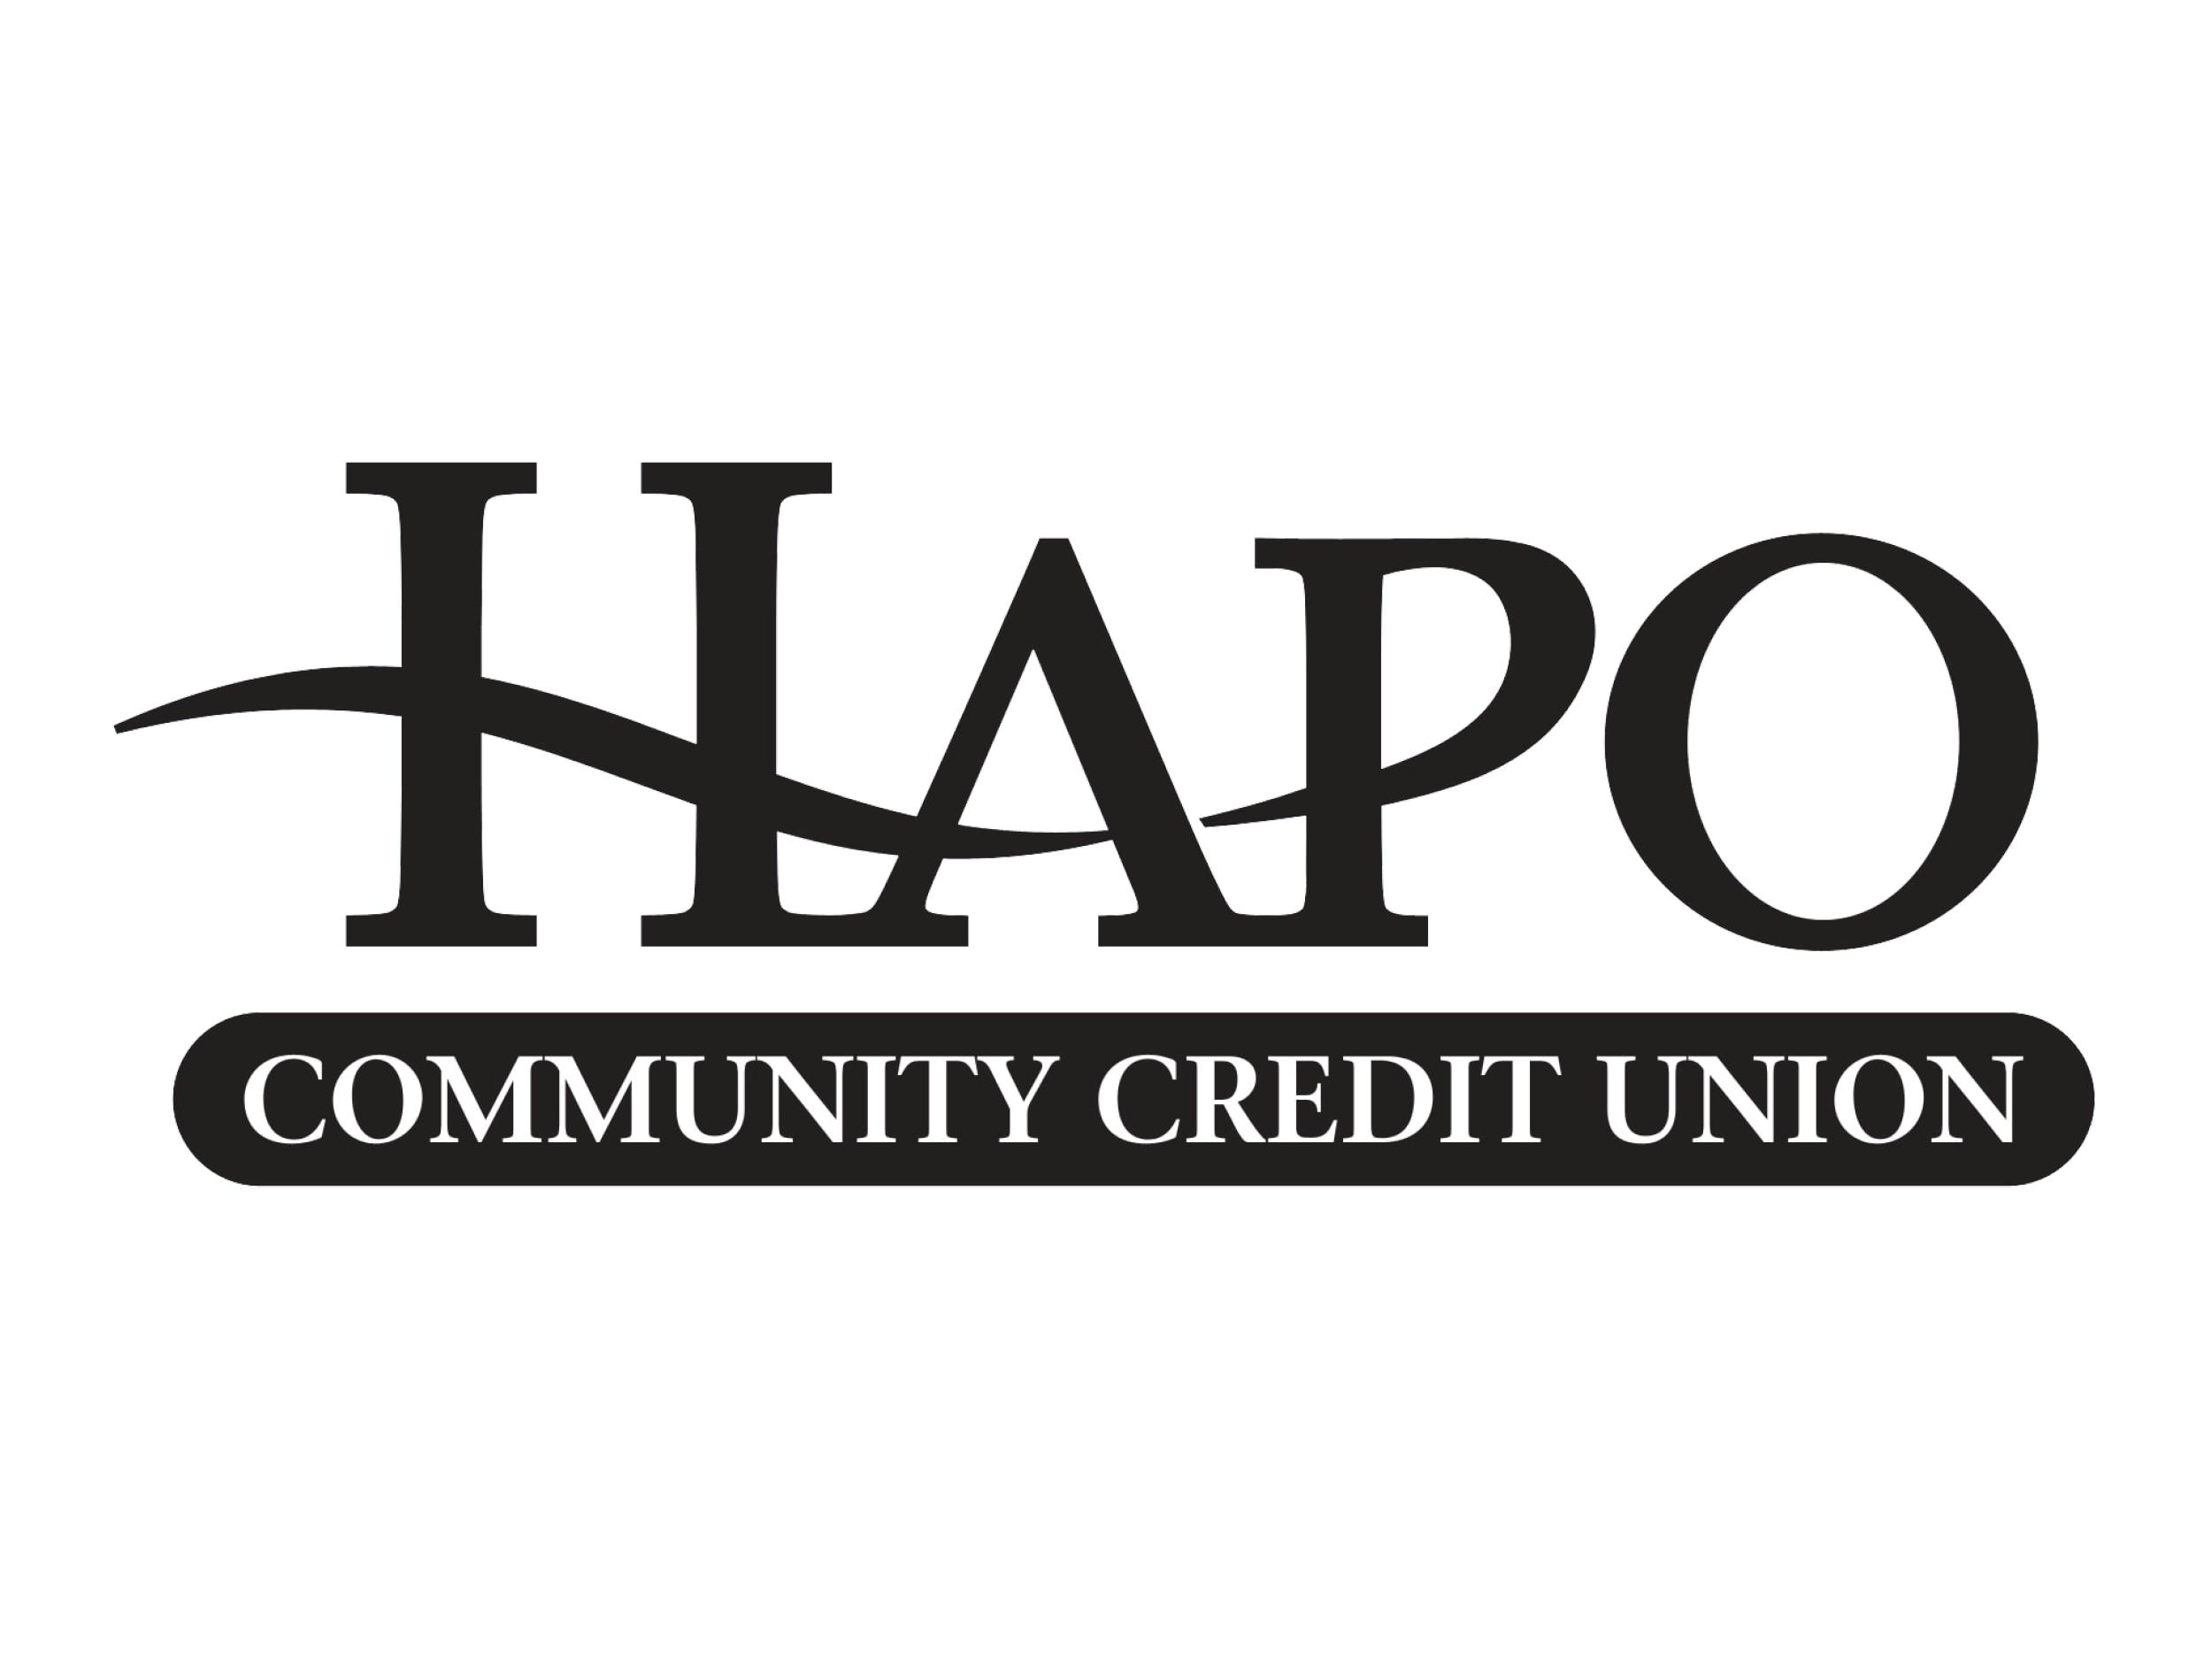 Feature: https://www.hapo.org/
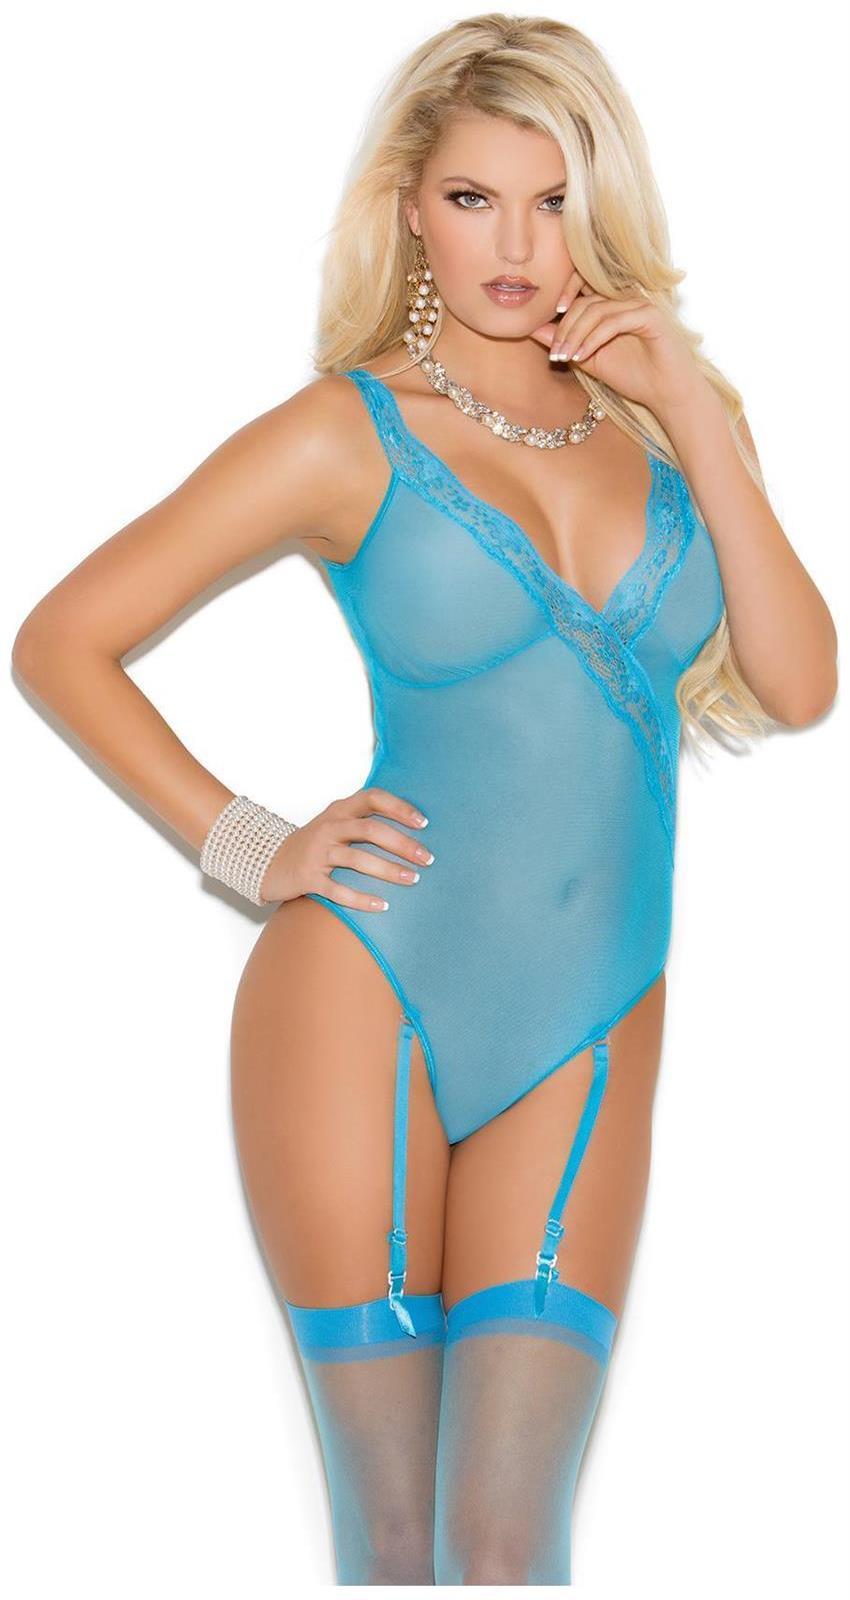 Women's Mesh teddiette - Crystal Blue - L SL-113426
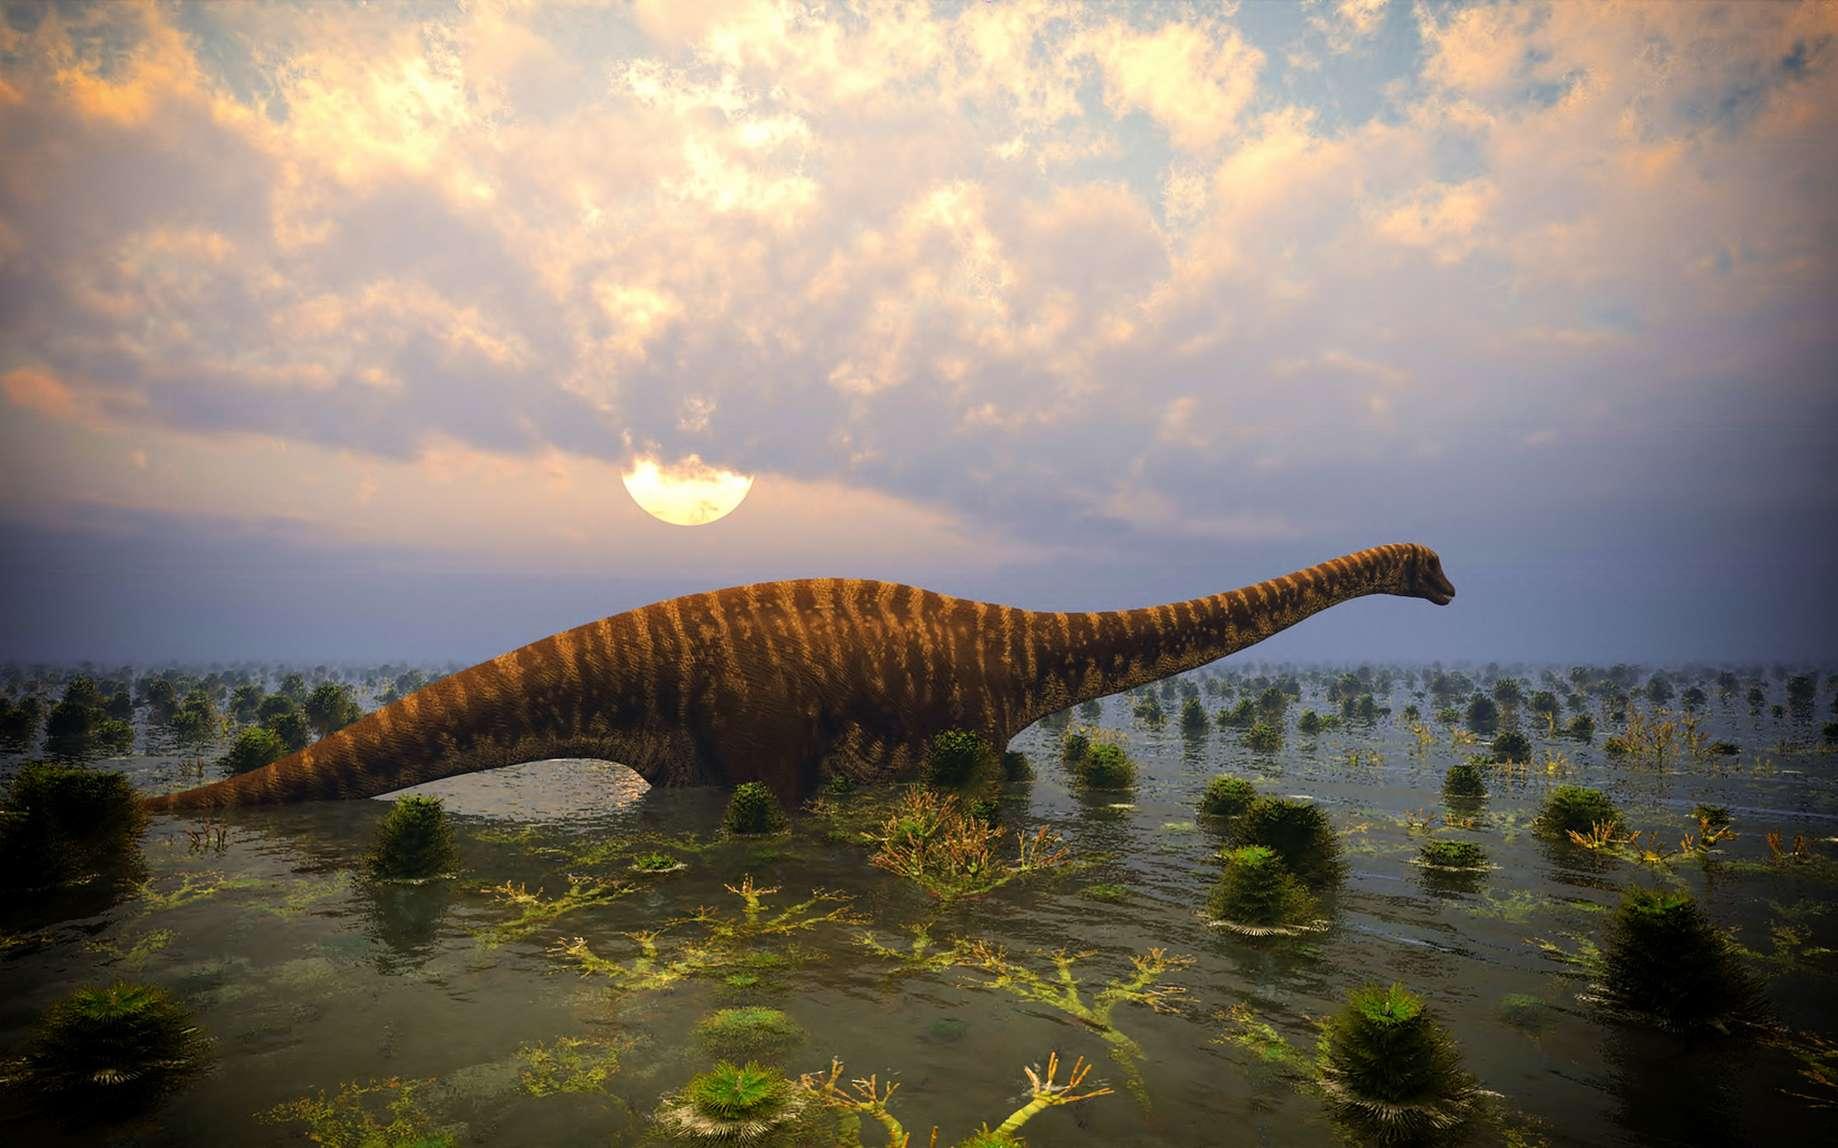 Macrocollum itaquii, le plus ancien dinosaure au long cou. © satori, Fotolia
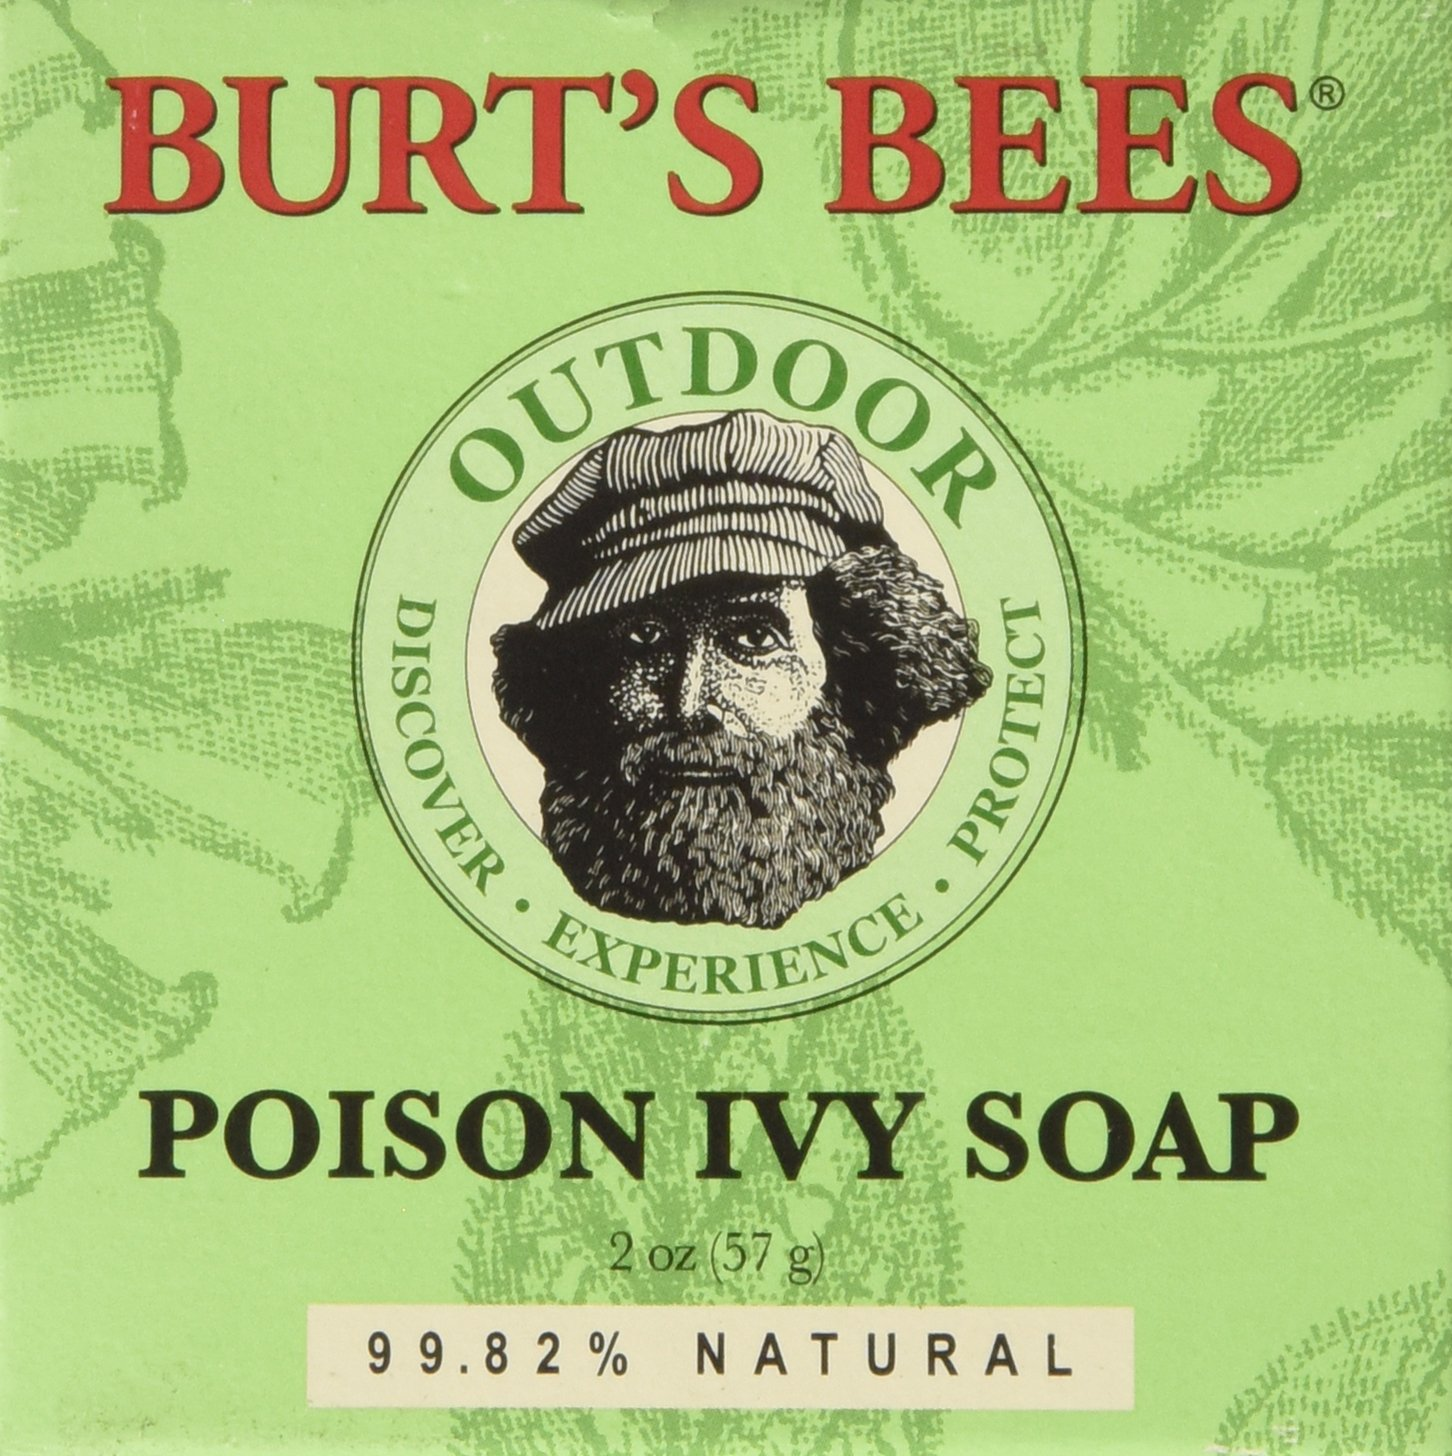 Burt's Bees Poison Ivy Soap, 2-Ounce

### Problem to work on
Leaving aside the pictures, copy the listing above exactly.

### Response area
 Feature: https://www.hapo.org/
 Women's Mesh teddiette - Crystal Blue - L SL-113426
 Macrocollum itaquii, le plus ancien dinosaure au long cou. © satori, Fotolia
 Burt's Bees Poison Ivy Soap, 2-Ounce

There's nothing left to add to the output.